Many of us work for companies or dioceses or parishes that have a mission statement or a vision statement; sometimes these can be ‘holy hopes’ written by a committee and then forgotten, but sometimes they are the very core of an organisation and are ‘owned’ by all stakeholders.  The Beatitudes are Jesus’ mission statement, they reflect the very heart of Jesus.  So, as stewards, as followers of Jesus, part of his ‘committee’ if we find that image helpful, we too should try to live these eight statements as both our vision and our mission.  Ultimately, stewardship is a way of life lived gratefully for all that God has given to us; all the ways in which God has blessed our lives, for that is the meaning of beatitude. 

We live in a society where success appears to be the heart of all that is good.  The eight beatitudes offer us a counter-cultural approach, where humility and mourning and gentleness and peacefulness etc. are what is blessed.  These are gifts from God that we are called to steward; they lead us to a life lived in integrity and honesty.  What we hear and what we learn from Jesus’ identification of who is blessed is something for us to hold at the very heart of our discipleship.  Yet these beatitudes are paradoxical – the first, for example telling us ‘Blessed are the poor in spirit’, yet who among us would choose that?!  Poverty of spirit has a gift to offer us; it can teach us not to rely on ourselves, but to rely on God.  It invites us to be grateful to God for the blessings we receive in our poverty. 

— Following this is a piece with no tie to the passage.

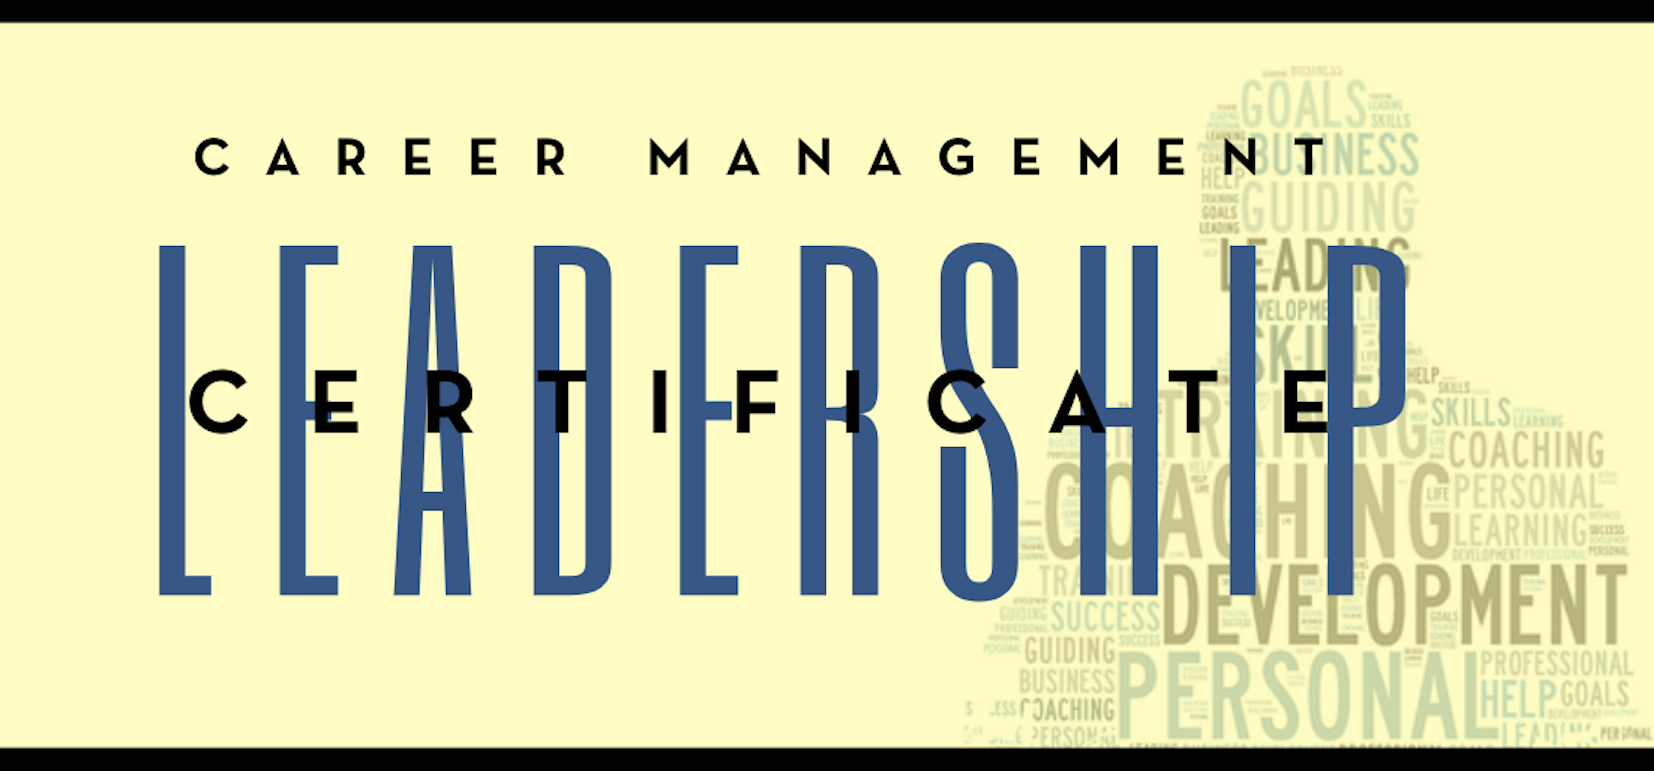 Career Management Leadership Certificate

An invitation might be to take eight days and pray each of these beatitudes in turn, listening to Jesus speak each one to us and seeing where the truth of where we are living each one is in our own lives.  We might also think of those identified in each beatitude (the poor in spirit, those who mourn, the meek, those who hunger and thirst for righteousness, the merciful, the pure in heart, the peacemakers, those who are persecuted because of righteousness).  These are the people who reflect God to us through the ways in which God has extravagantly blessed them.  In what ways am I called to reflect these blessings?  Praying these beatitudes may be a step to becoming and being a more faithful steward in response to the fact that we are all truly blessed by God.